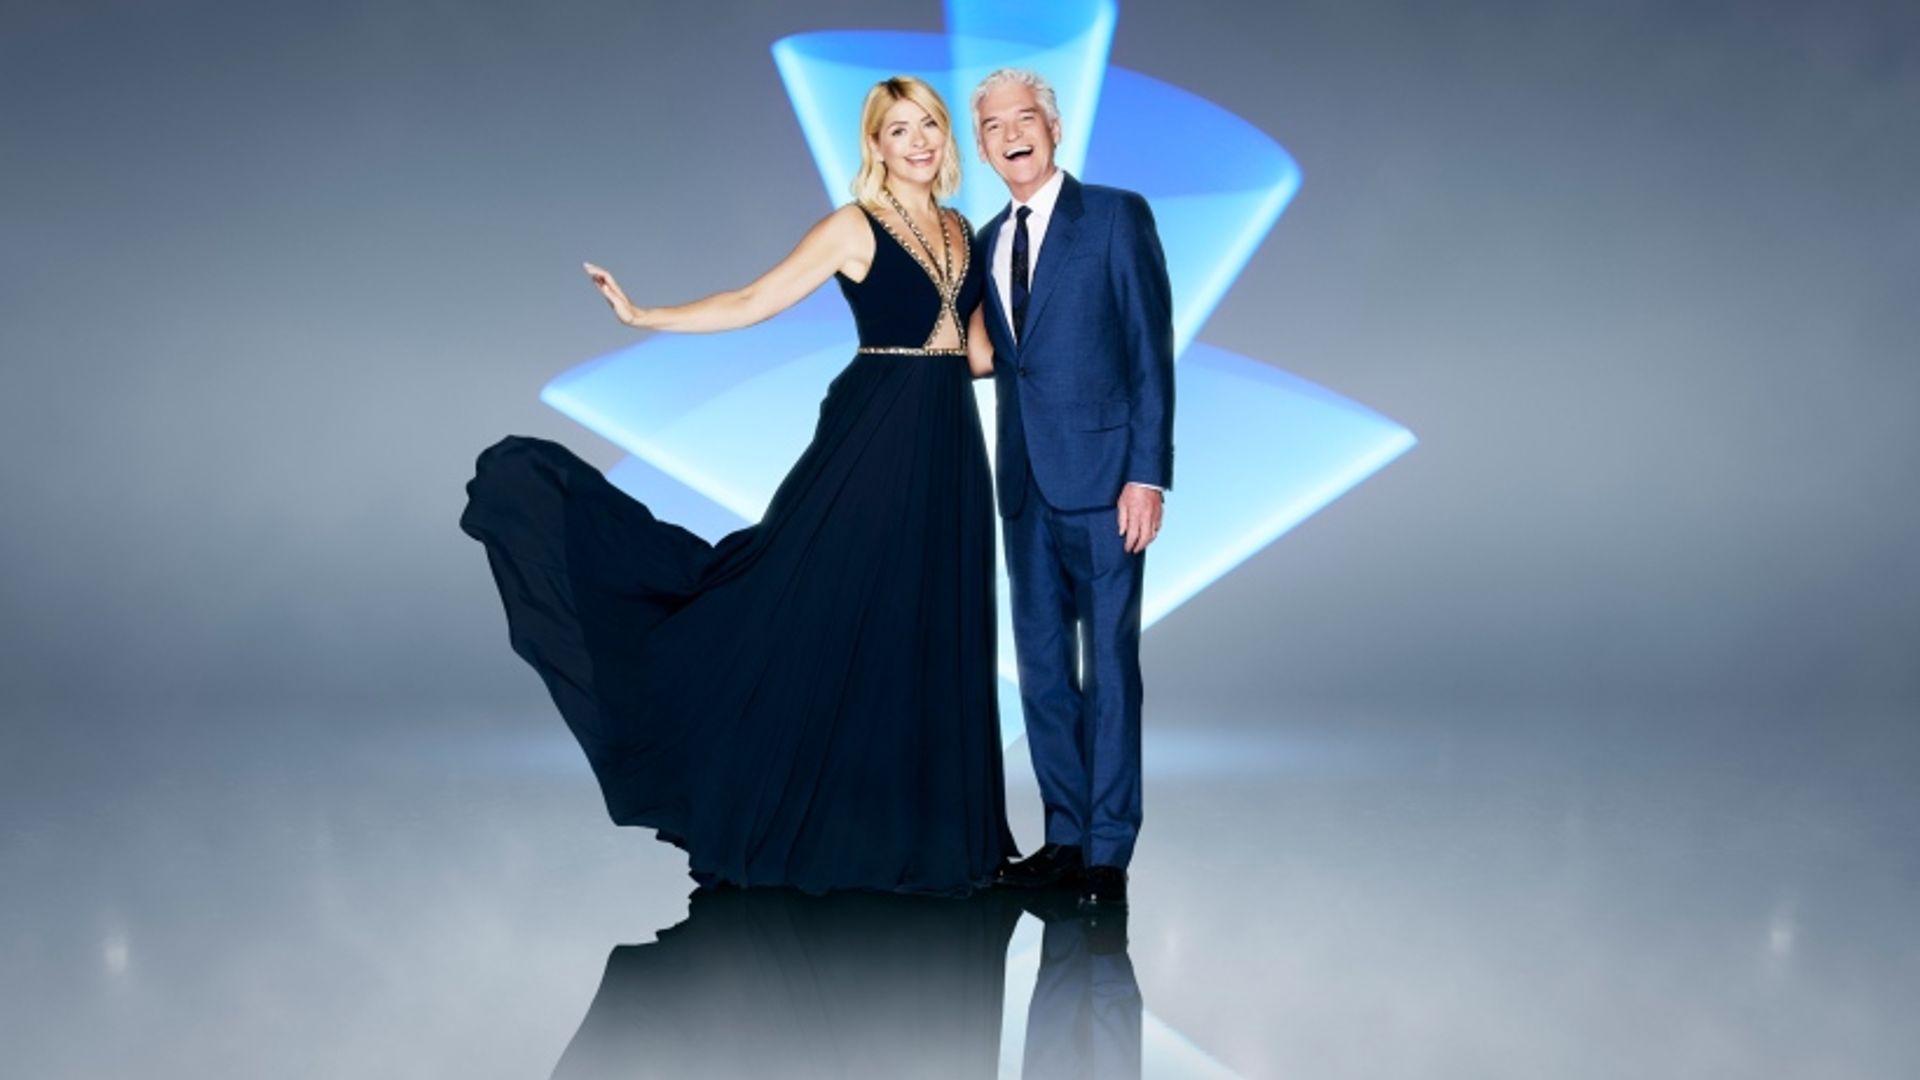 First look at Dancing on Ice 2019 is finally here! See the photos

◆ ◆ ◆

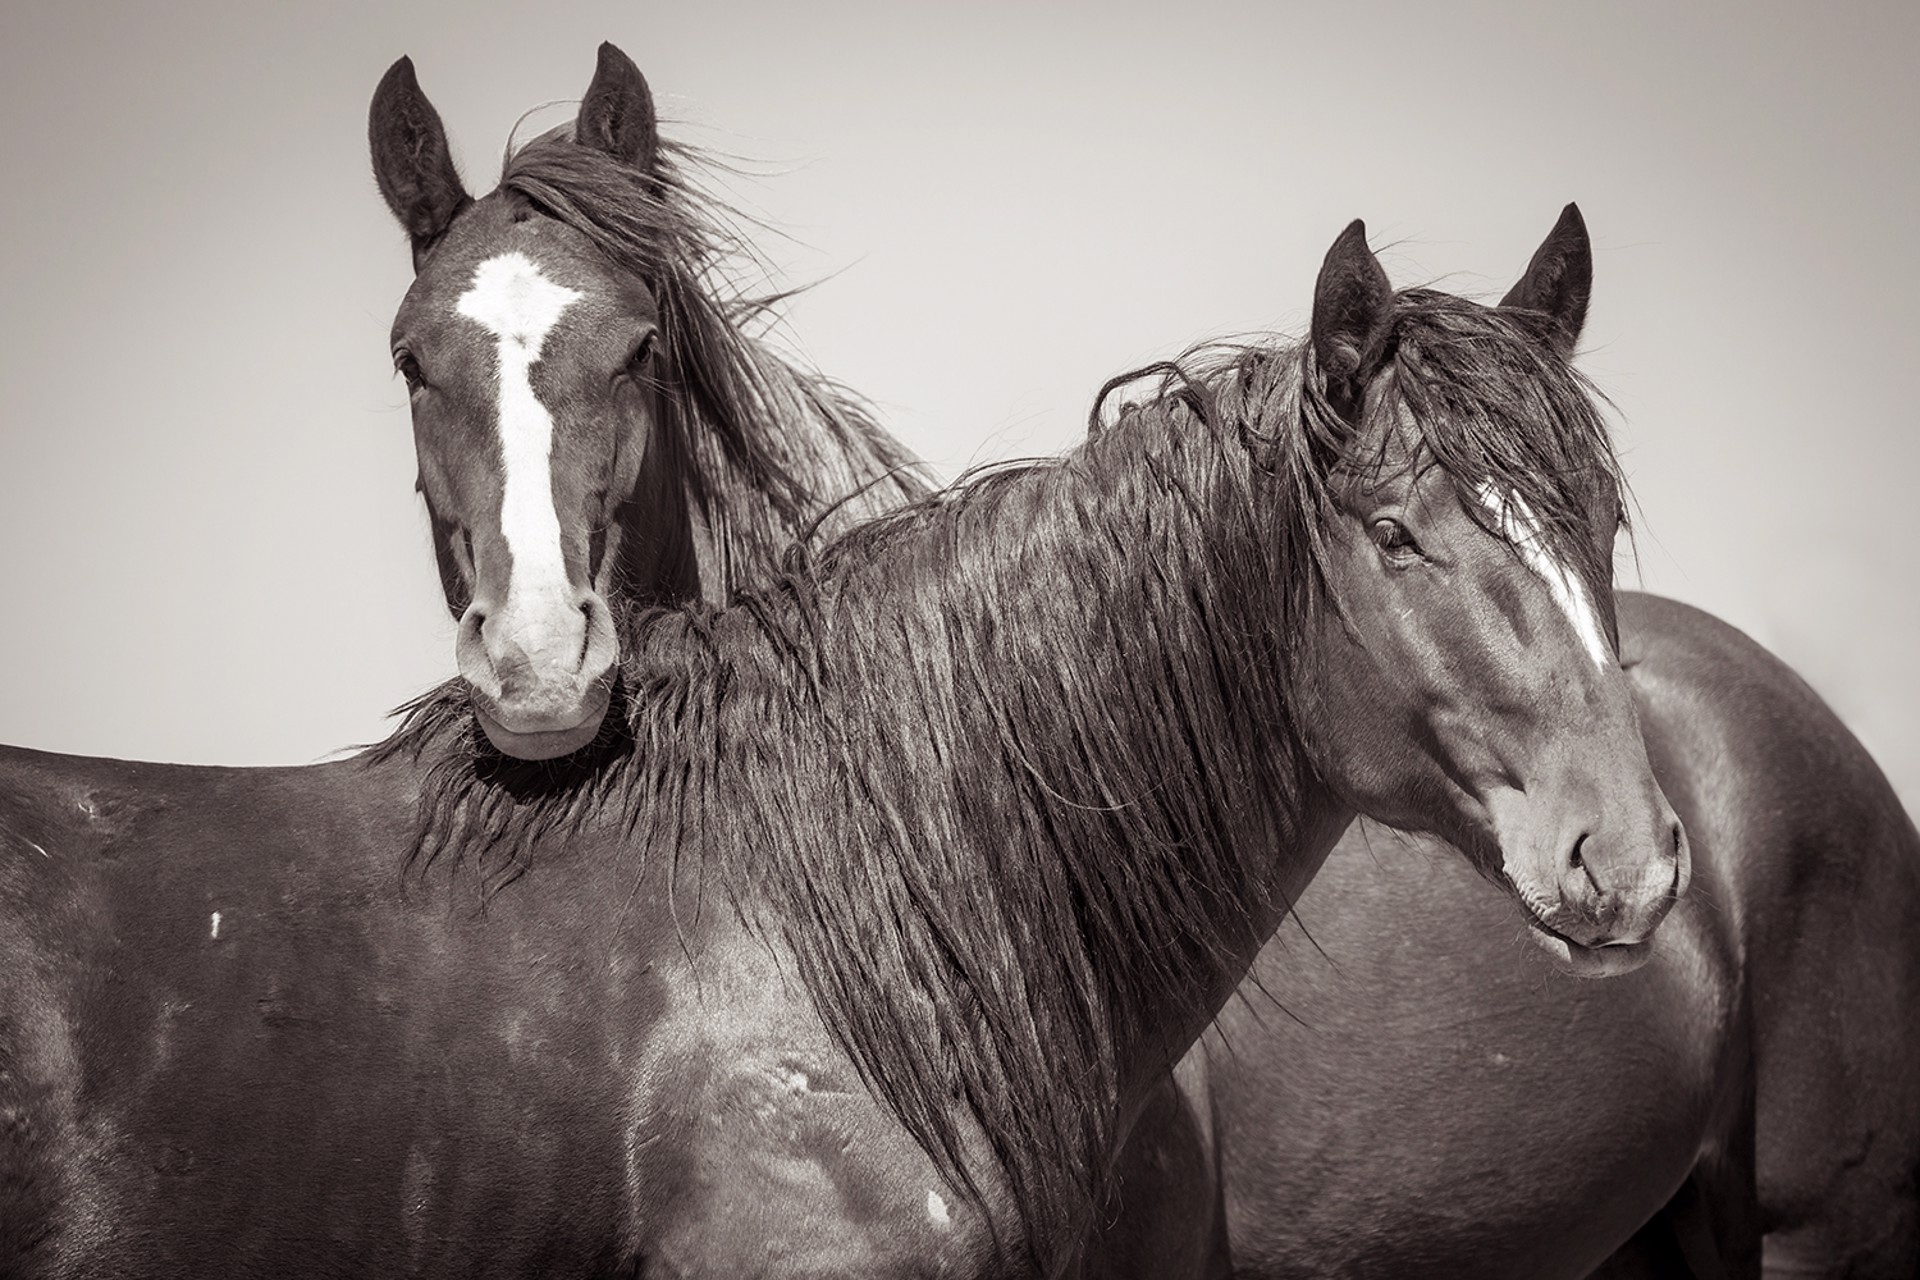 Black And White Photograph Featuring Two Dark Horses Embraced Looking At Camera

◆ ◆ ◆

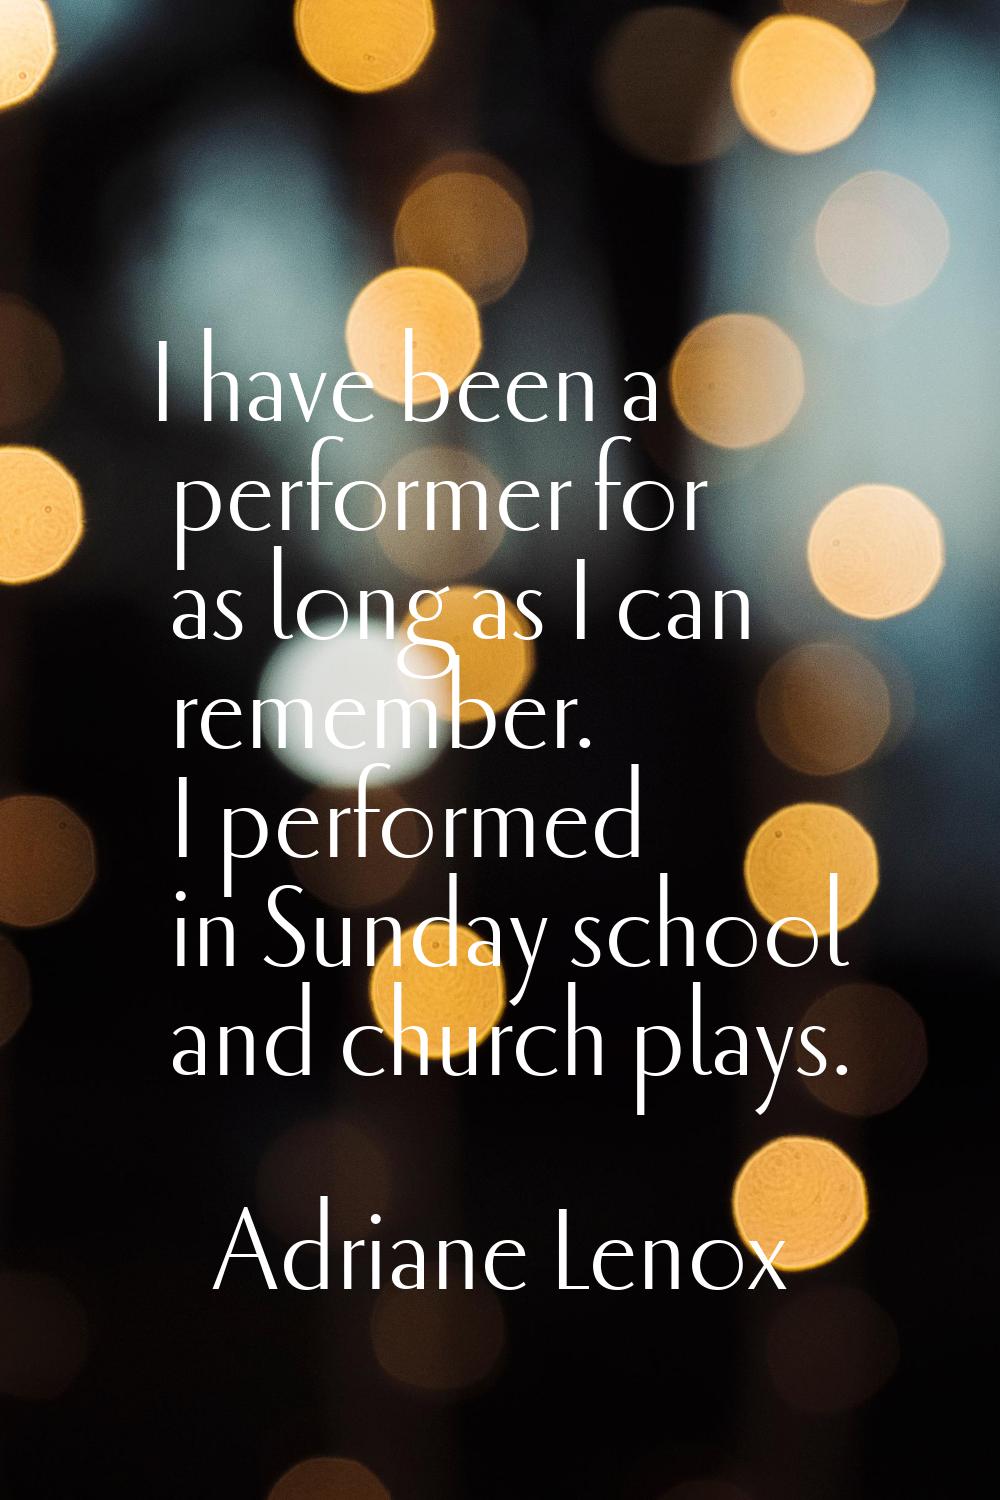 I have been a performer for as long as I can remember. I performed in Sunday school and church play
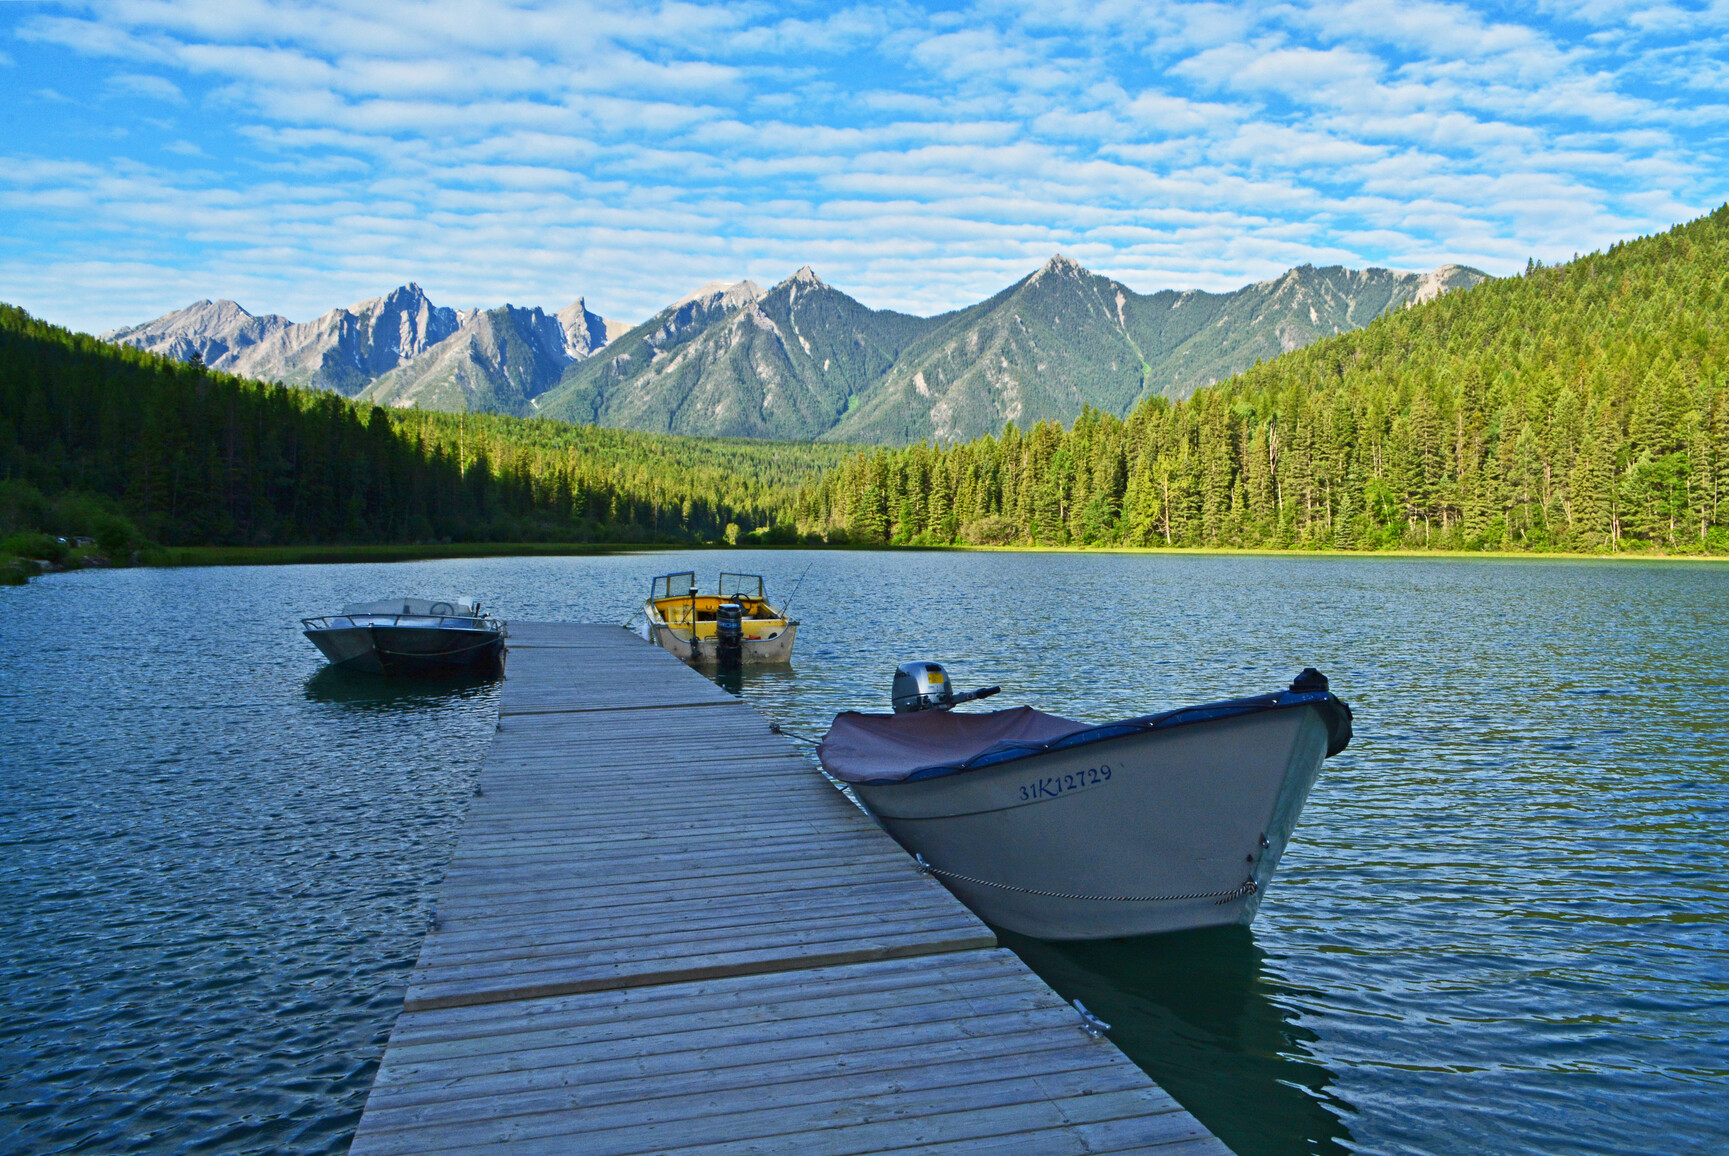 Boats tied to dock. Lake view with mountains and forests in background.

◆ ◆ ◆

Your task> Skipping every picture, transcribe exactly the lines above from the one containing "I have been" through the one containing "Boats tied to", both included.

Result of this exercise>
 I have been a performer for as long as I can remember. I performed in Sunday school and church play
 Boats tied to dock. Lake view with mountains and forests in background.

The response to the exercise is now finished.